In 2010, the couple sold everything to set up the charity The Bridge for Heroes in King’s Lynn – the country’s first dedicated facility to offer emotional support for members of the military, veterans, and their families.

The couple, who now have 10-year-old son Jacob, wanted to particularly help people with  the early stages of post-traumatic stress disorder (PTSD).

“We expected one or two people to come in but, in the first year, we had 50,” said Mike, who is now helping around 700 people.

Mike, who was in the Household Cavalry and Royal Armoured Corps, said suicide, isolation and loneliness was on the increase among those who leave the forces.

He explained: “Squaddies learn not to be emotional. Someone once gave me an analogy of it: soldiers are like Lego people – they are taken apart and then glued back together to make super Lego people equipped to deal with harsh conditions.

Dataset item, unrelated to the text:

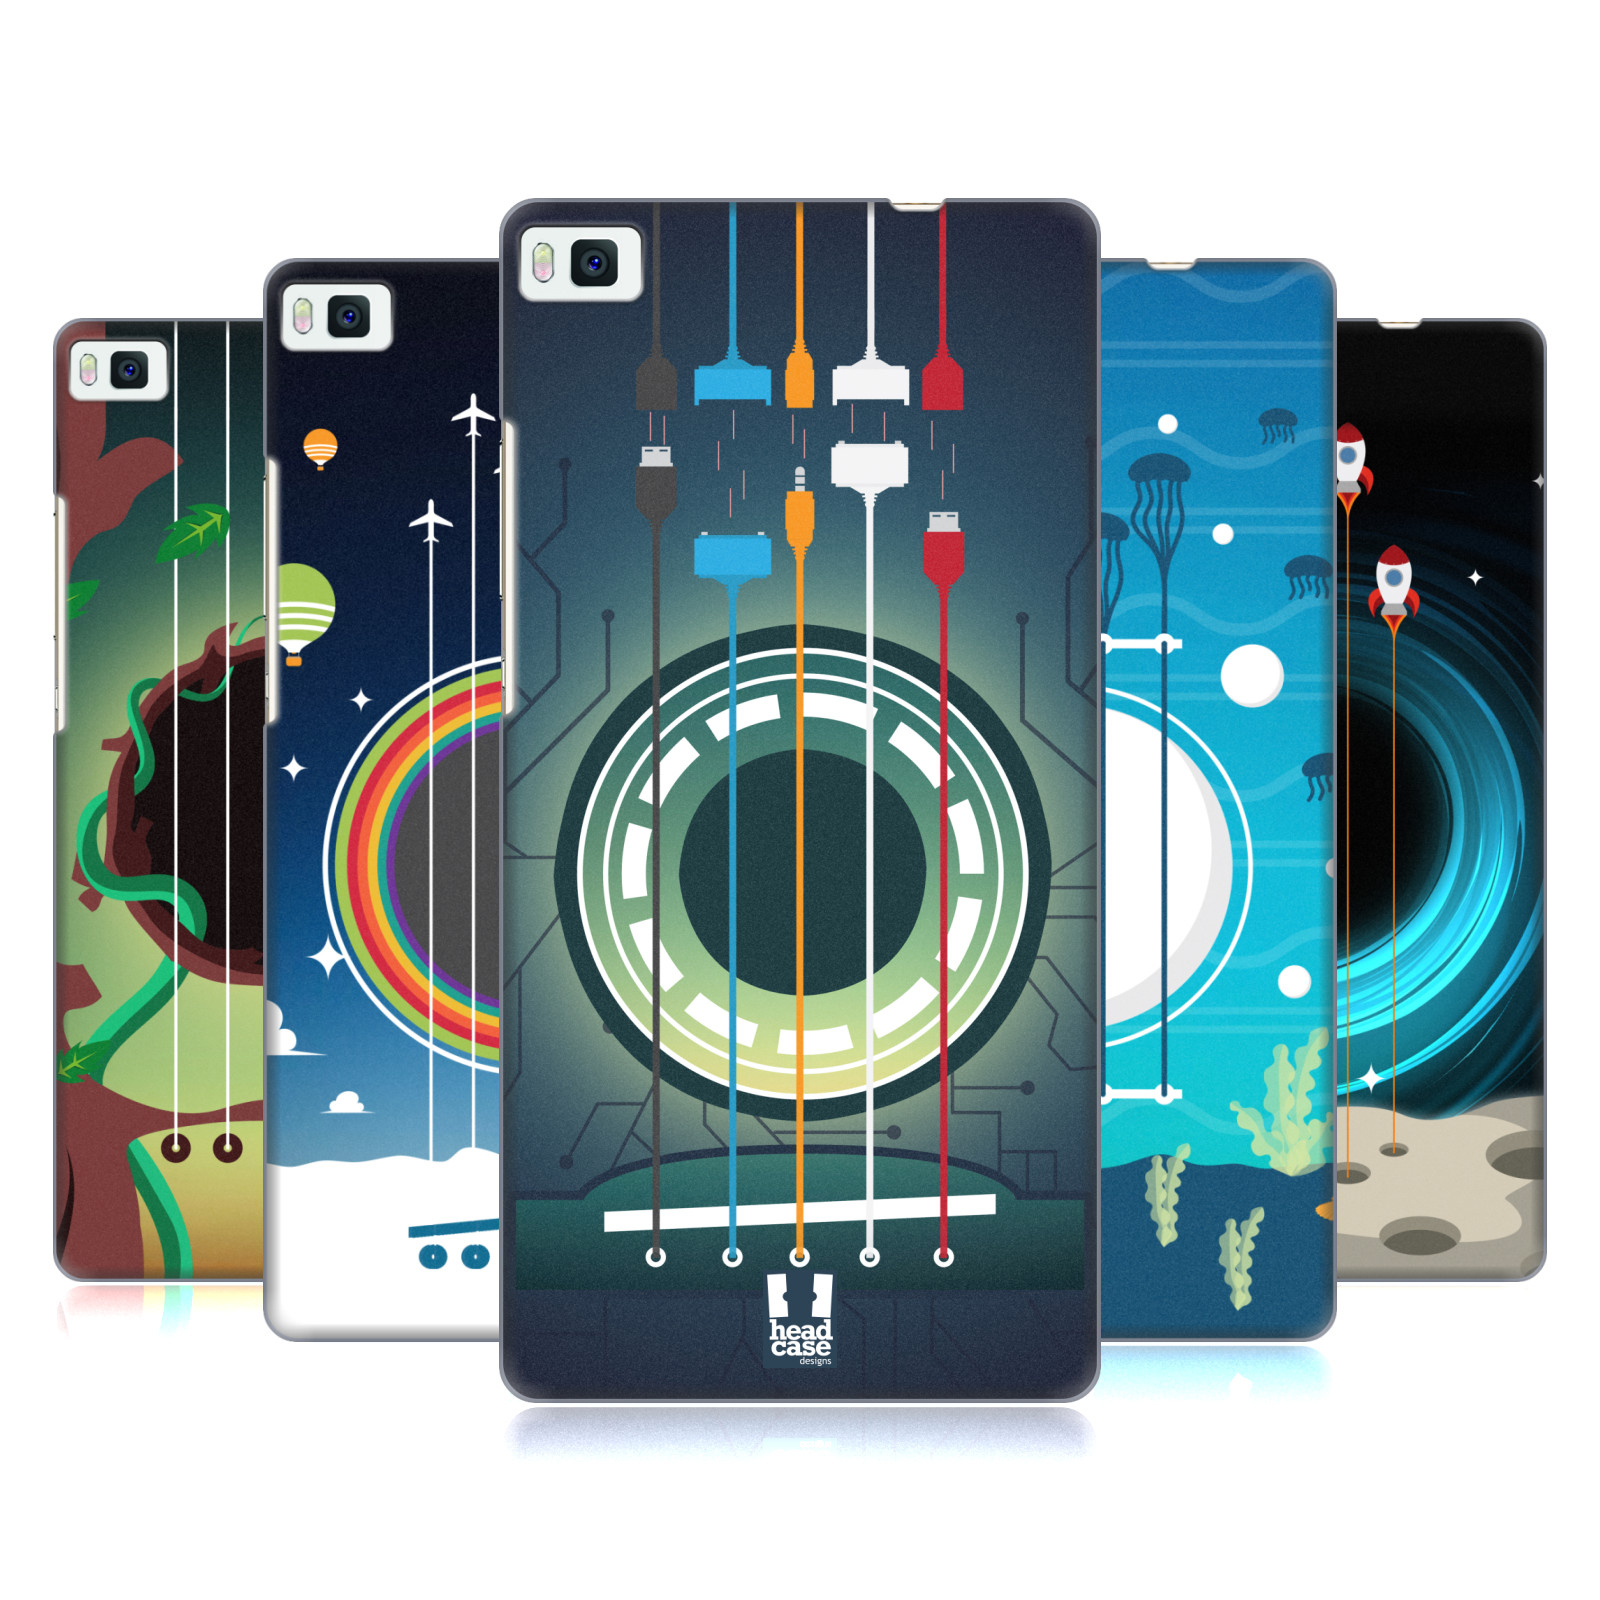 HEAD-CASE-DESIGNS-STRINGS-HARD-BACK-CASE-FOR-HUAWEI-PHONES-1

“But it’s pulling them apart which can be difficult. Their resilience is high, like being able to patrol for 11 days. But, after (leaving the services) they don’t know how to relax and start worrying  – often about the small things.”

Mike has recently revealed he tried to end his life after returning from a tour in Bosnia in 1998.

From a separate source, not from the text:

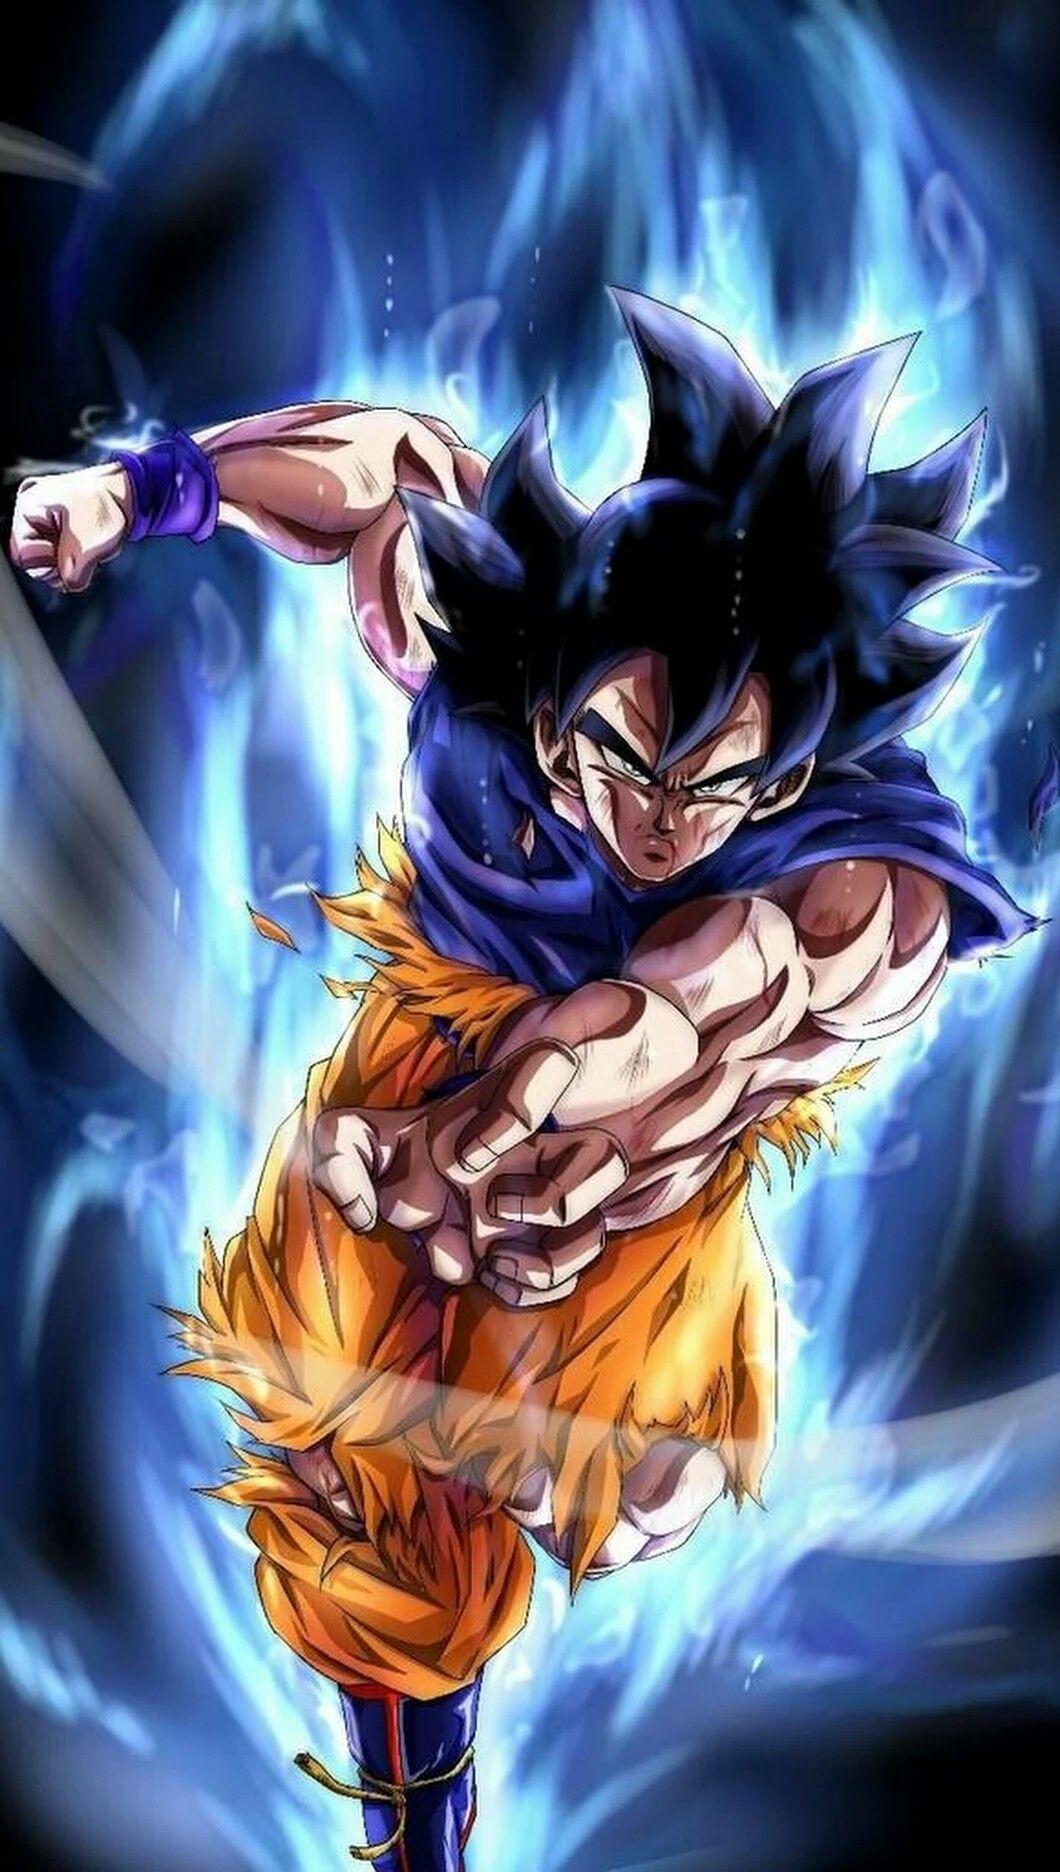 Pin by Divine Crimson♦️ on Dragon Ball/GT/Z/Super

“Just in that second it could’ve been over,” he said. “And since I have spoken out, people have come forward. I was on radio the other day talking about it and a lieutenant colonel phoned in saying he had also felt suicidal.”

Mike urged people who are feeling depressed to seek help and said there were organisations which could provide support such as Help for Heroes, the Ministry of Defence and, of course, The Bridge for Heroes.

He said: “It takes a person on average seven times to walk through the door to see us. But so far, we have has a 100 per cent success rate.”

The contact centre in Clough Lane is open to the public from 10am to 4pm, Tuesdays to Saturdays, and service personnel and families from all British Armed Services can pop-in for a free tea or coffee.